Award-winning documentarian Brett Ingram ’88 brings his film about an “imaginary” world to the Gregg Museum of Art & Design Saturday night. Rocaterrania features the story of Renaldo Kuhler, whose illustrations have been featured in an exhibit at the Gregg all summer. We caught up with Ingram by email to tell us about Kuhler’s creative world.
How did you come up with the idea for this film? I saw Renaldo on a city bus in 1994 and he immediately made an impression on me. He has that effect on people! However, I didn’t see him again until I took a job at the North Carolina Museum of Natural Sciences in 1996. I was introduced to him on my first day of work and I thought, “Hey, there’s that guy from the bus!” We instantly became friends and gradually he revealed to me that he had created this imaginary country.
Who is Renaldo Kuhler and what is his world of Rocaterrania? Renaldo Kuhler is a self-taught illustrator (he hates to be referred to as an “artist”) who made a living as a scientific illustrator at the North Carolina Museum of Natural Sciences for thirty years. Renaldo invented Rocaterrania as an escape from a dull life as a teenager on a remote cattle ranch in the Colorado Rockies in 1948. Rocaterrania also became a way of coping with an emotionally abusive upbringing, and its history parallels Renaldo’s own life story.
How much time did you spend with him while filming the documentary? I actually started shooting the film in 1998, but only worked on it sporadically until 2004, when I began working on the film with more intensity. Meanwhile, I was finishing up another feature documentary and several shorts. It also took years for Renaldo to open up to me completely. I visited Renaldo often during those first six years, visiting over coffee, lunch, or dinner, or just riding around Raleigh looking at new construction of his favorite activities. He became a good friend, maybe more like an uncle, to me.
What’s something that surprised you about Kuhler and his world? I was surprised and amazed at the detail with which the history of Rocaterrania was conceived and rendered. For narrative reasons, the film only explores the highlights of Rocaterrania’s history. It’s actually much, much more complicated and detailed with dozens of characters, all with backstories and extended families.
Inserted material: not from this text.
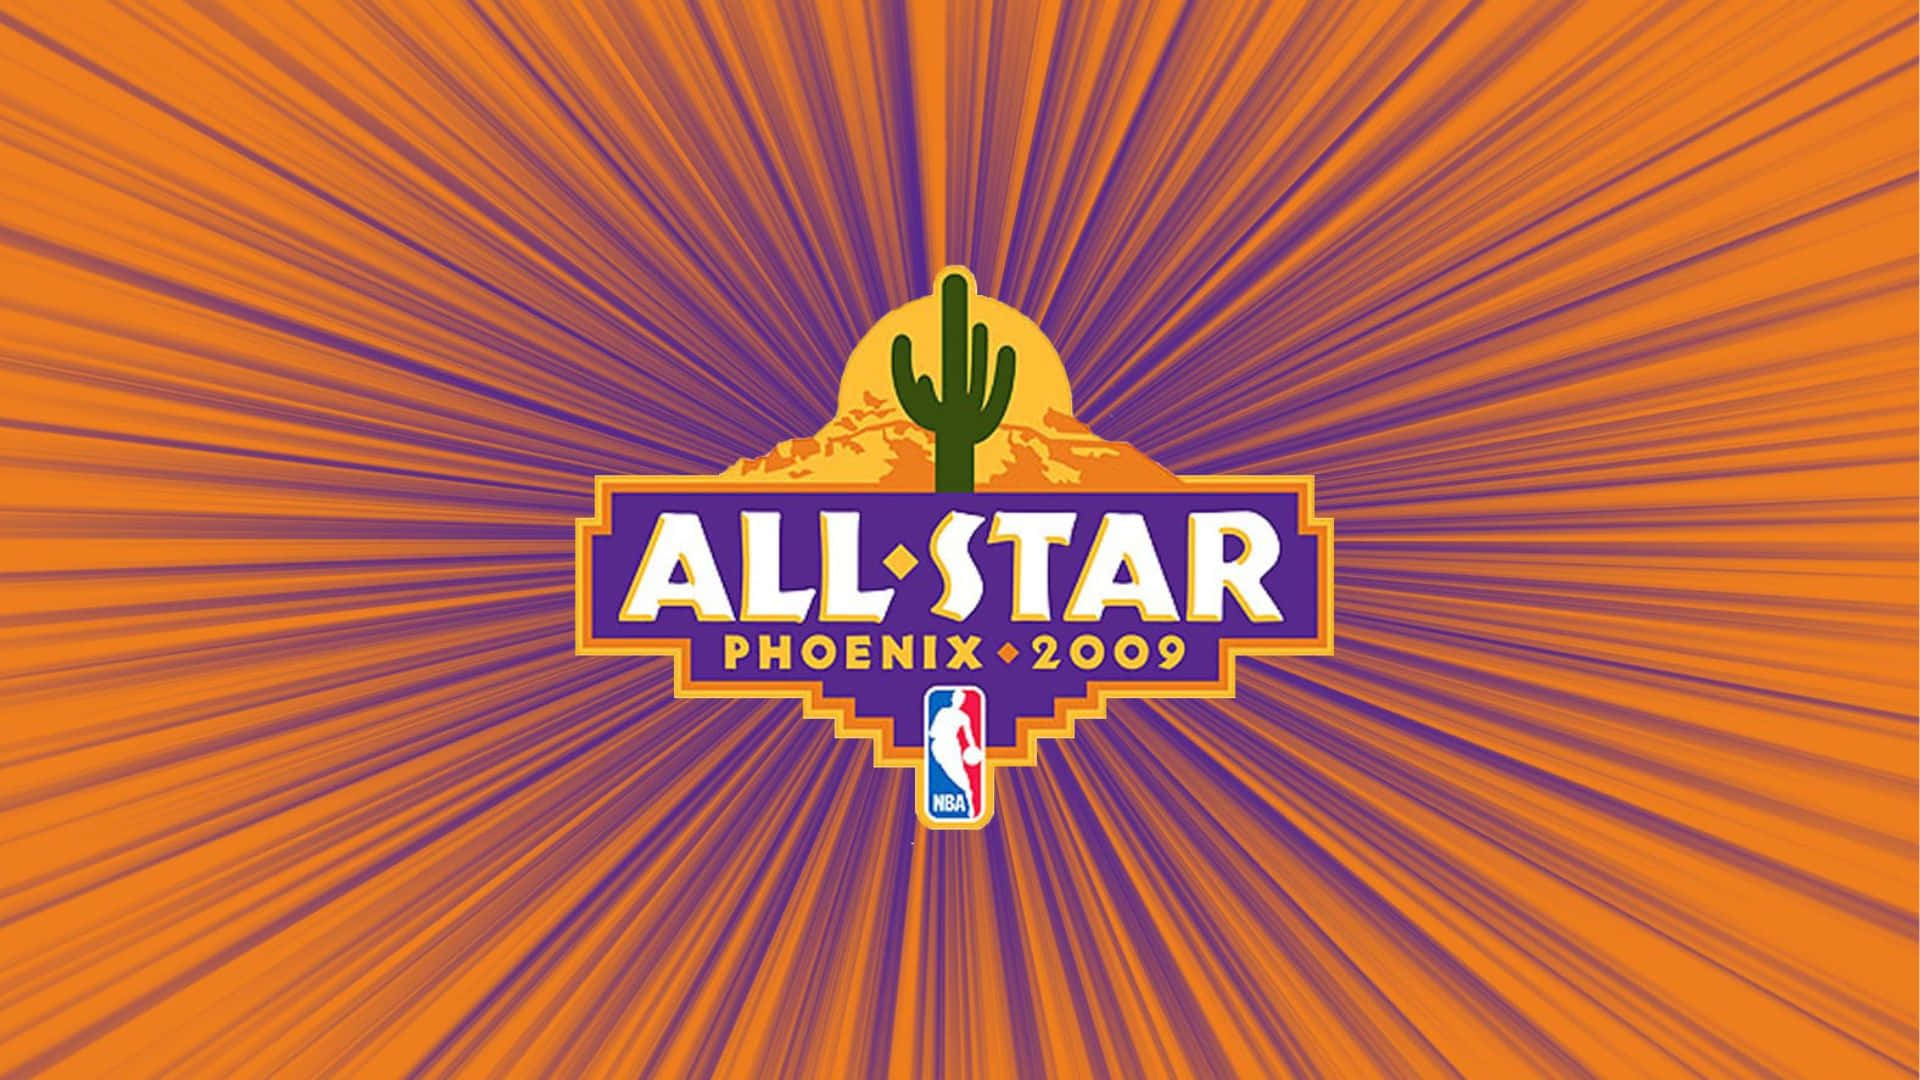 N B A All Star2009 Phoenix Logo Wallpaper

Subjects of your other films are also imaginative artists. What draws you to their stories? Like many of my subjects, I have found art, or in my case, filmmaking, to have a redemptive power. A creative spark, an idea, gives me an immediate rush and rejuvenates my soul every time. It’s a medium through which I can make sense of this mystery called life.
Why is the Gregg an ideal venue to hold a screening of the film? First of all, Renaldo has lived in Raleigh longer than anywhere else in his life – 42 years! Second, Raleigh is where I met Renaldo and the project began. Third, because, the Gregg is a special place and it’s director, Roger Manley, was the first – and only – curator to program exhibits of Renaldo’s work. Raleigh – and NC State – are special to me because I studied engineering as an undergrad at NCSU and lived in Raleigh off and on for about 10 years.